Frankly, the concept of “Crown Copyright” has never made much sense at all. We’ve discussed it here a few times in the past, but it’s the concept that some countries have for government documents being covered by copyright. Thankfully, this is one area where the US actually leads the way: it has no such thing. Documents produced by the federal government in the US are automatically considered public domain (state government documents aren’t always public domain, but that’s another discussion for another time). But in many other countries that’s not true, and those documents are covered by “crown copyright.” This makes little sense no matter how you think about it. If the purpose of copyright is to give incentives to create the content, it seems obvious that a government should not need copyright.
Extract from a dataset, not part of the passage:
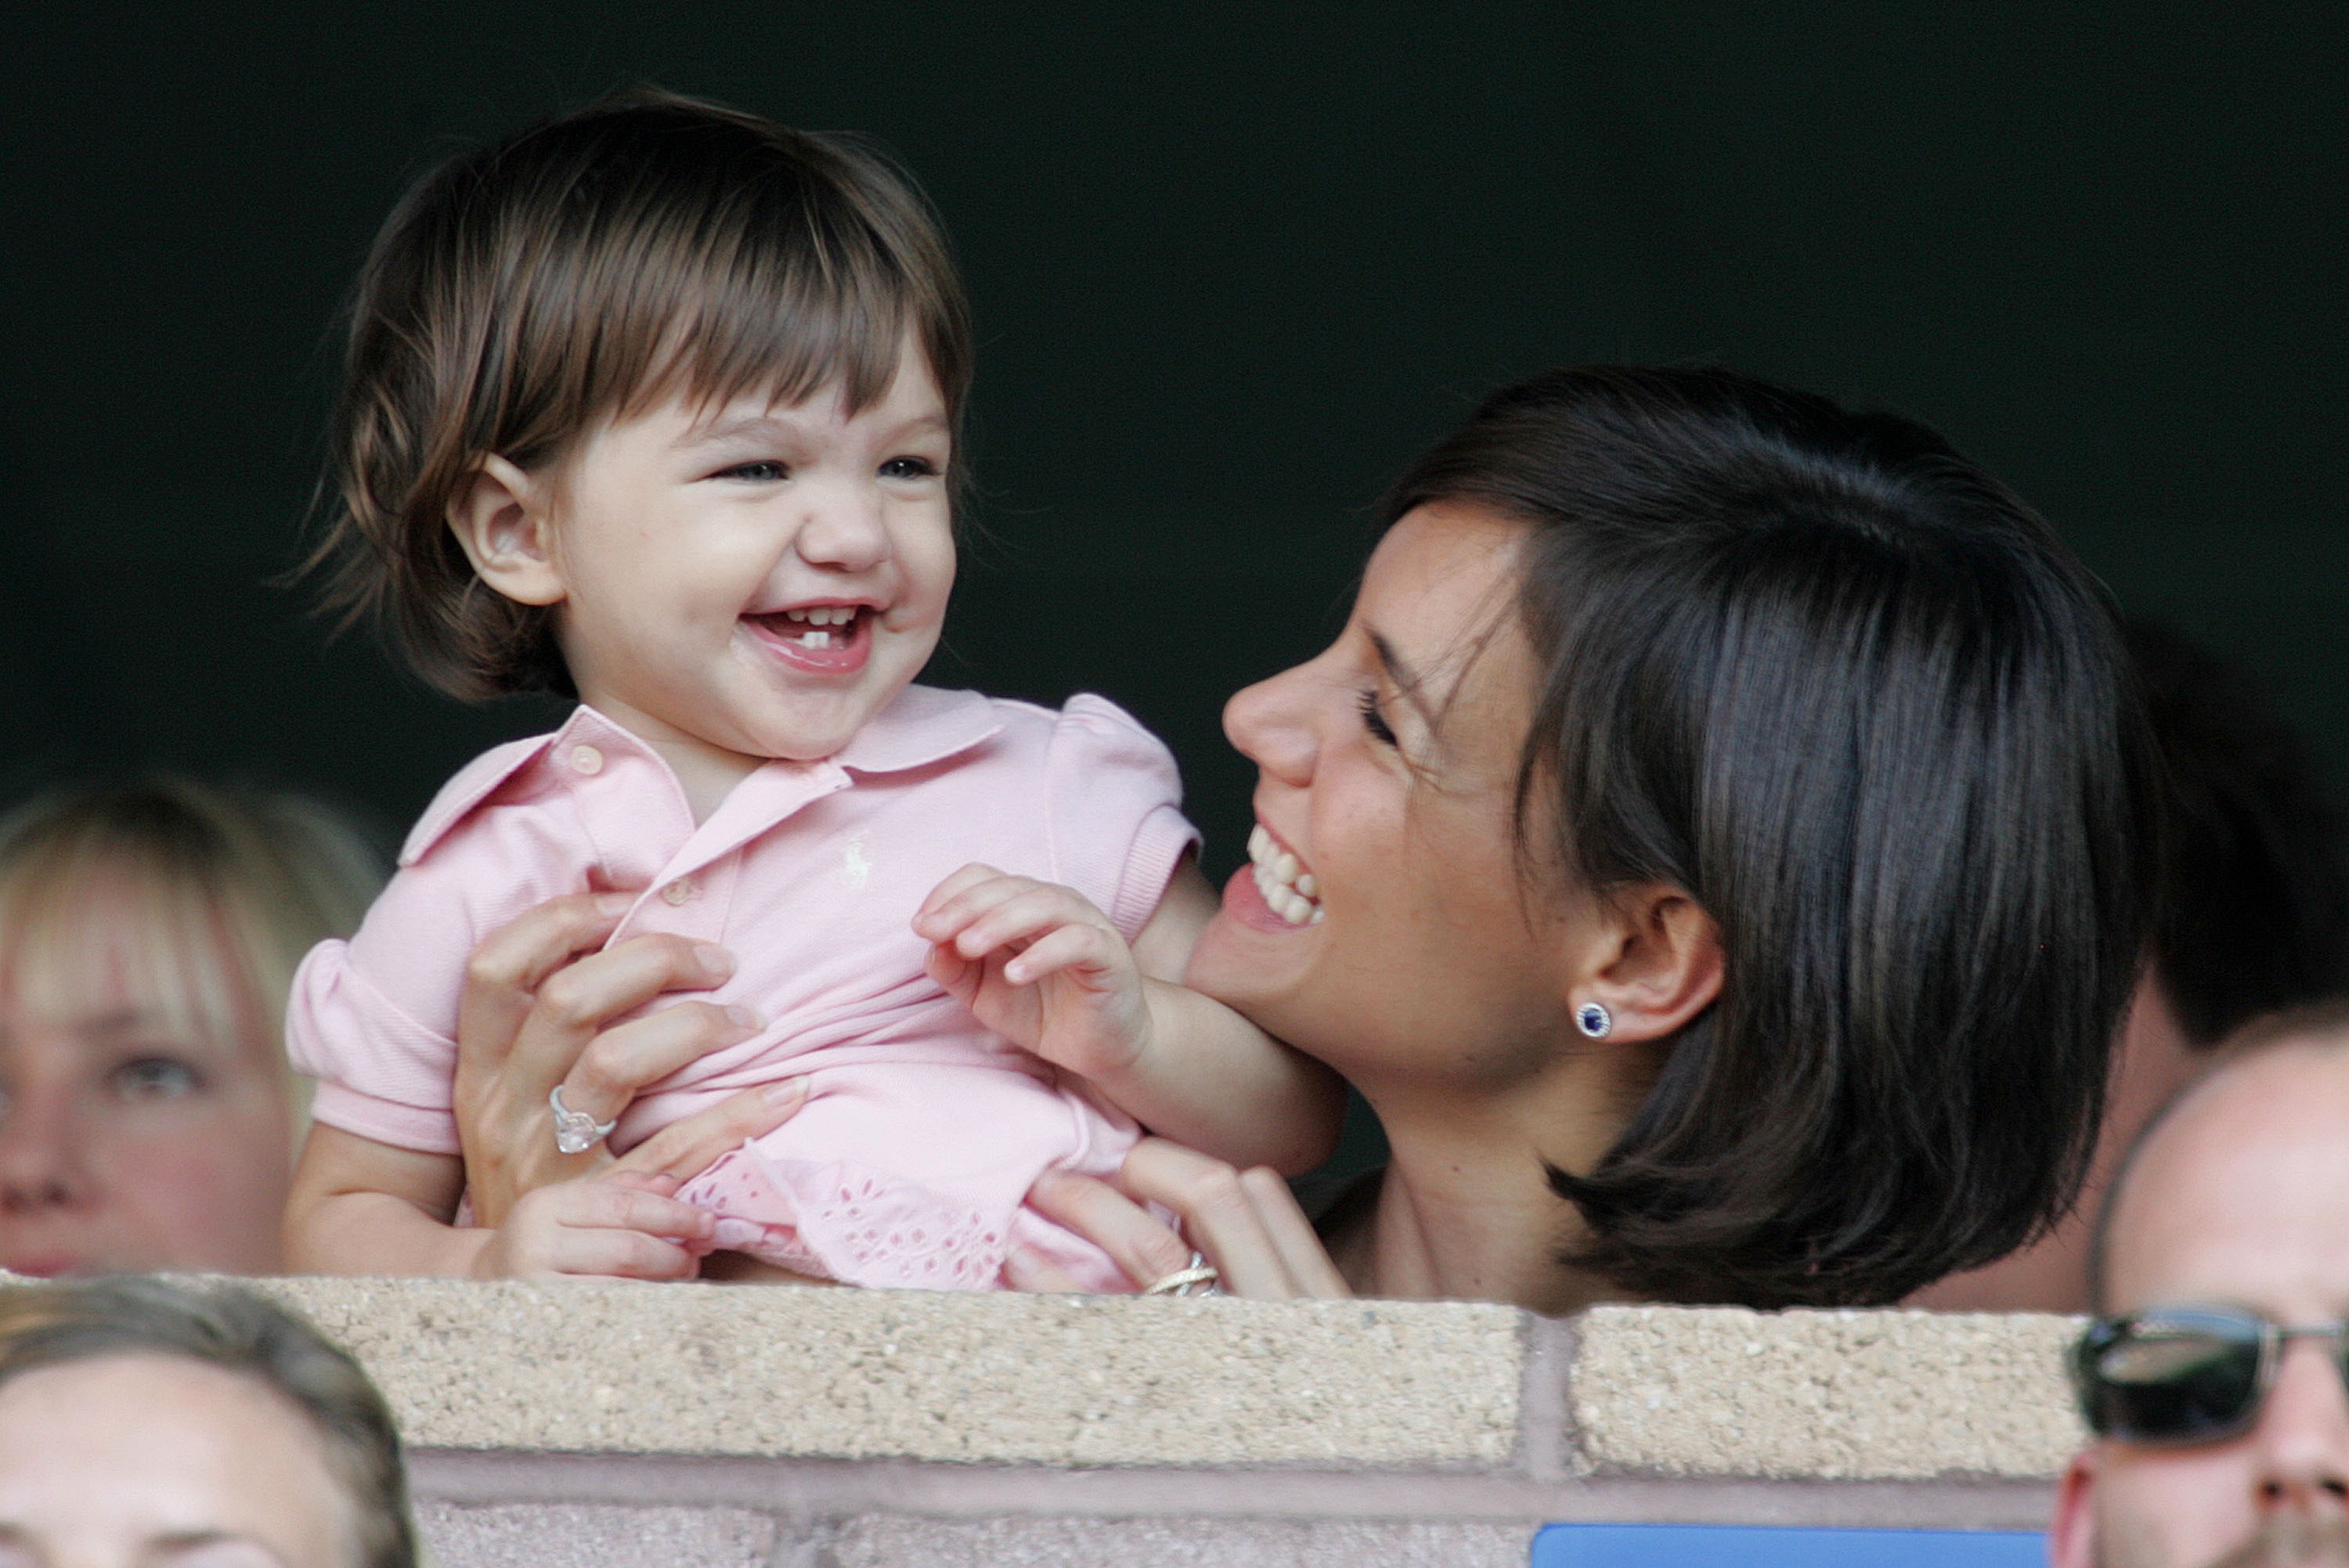 Katie Holmes and Suri Cruise on July 22, 2007 in Carson, California | Source: Getty Images

Instead, it seems to show how some now view copyright: as a tool to restrict information, rather than as an incentive to create information. For example, Glyn Moody points us to a rather depressing discussion of how information obtained via a Freedom of Information Act request in the UK might not be publishable because of copyright. Yes, you read that right. Even though the laws are there to free up government information, once that information is distributed to the requestor, it can be locked back up via copyright. So it’s not really a “freedom of information” situation at all. It’s just a “here’s some information you can’t share with anyone else.”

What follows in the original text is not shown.